Crucially, he avoided framing the situation as all-or-nothing. “I wasn’t pressurising myself that you have to do it now, because otherwise you won’t have any option,” he explained. “I would have found my way. I would have found any other option.”
Winning his Tour Card back proved decisive. “Like I said, I won it back — and still then, everything has happened.”
Schindler described the mental strain of 2020 in stark terms. “In the end of 2020, like I played, won one game, then lost — the whole day just felt horrible,” he recalled. Today, he says, he can cope with those situations far better.
At the time, however, his thoughts were spiralling. “My head was just running — running to Wolverhampton, running to Birmingham, running to London. So my thoughts were just going berserk.”
Yet it was precisely during those moments that Schindler believes he grew the most. “These are the days, the moments, I think I’ve grown the most, because I was able to learn from them so much,” he said. “Because when you’re doubting yourself, this is where you find your own improvement. And I needed to learn even that.”
Martin Schindler discusses doubts, setbacks, and the turning point of his career on the “Tops & Tales” podcast
Tears in the car park
Schindler did not shy away from describing just how deeply that period affected him. “Honestly, even to the viewers, I don’t care — I was crying,” he revealed. “I was sitting in the car and I was crying because I wanted to do so much better in the end of 2020 or in the middle of 2020, but I couldn’t. I just couldn’t.”

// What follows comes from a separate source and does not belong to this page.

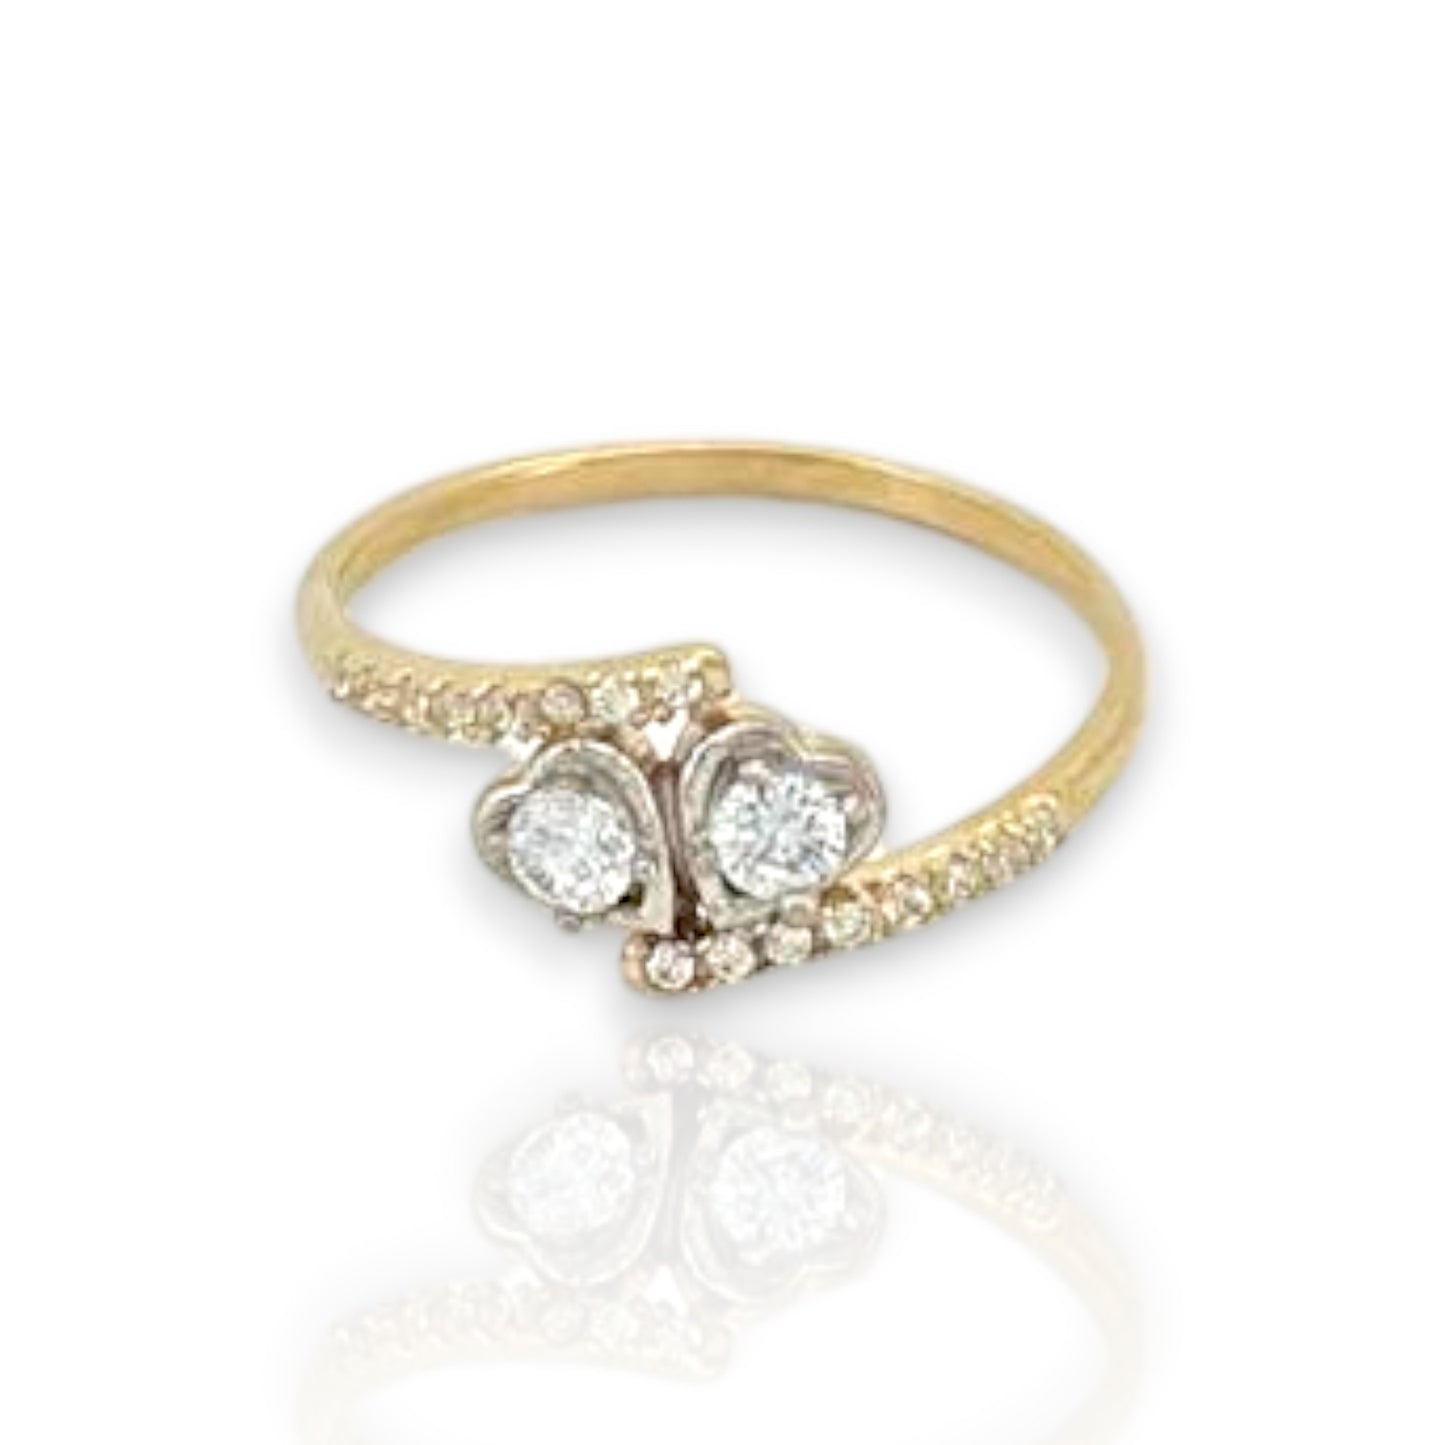 Double Heart CZ Ring - 10K Yellow Gold

One match in particular remains vivid in his memory — against Glen Durrant. “He wasn’t playing good. He was playing about 83. I couldn’t stand a chance. I didn’t even be there,” Schindler recalled.
Afterwards, the frustration spilled over. “I was at the parking lot outside and I was just sitting in the car, crying, because why couldn’t I play better?” But even that moment became part of his education. “Sometimes you cannot avoid these things and you need to fight through them.”
A matured professional
Looking back, Schindler sees Q-School 2021 as the true turning point. “If there was a tournament which changed things, it definitely was the Q-School of 2021, because I came back so good and I played so good,” he said. “And I proved myself — and that’s the most important.”
Now, four years on, the perspective has changed dramatically. “Definitely this Q-School has changed my life,” Schindler reflected. “So I’m really, really thankful that I’ve lost my tour card.”
Those experiences — the doubt, the tears, and the hard lessons — have shaped the player he is today. And perhaps that explains why Martin Schindler now sits comfortably among the world’s elite, not only as Germany’s number one, but as a top 16 player on the PDC circuit.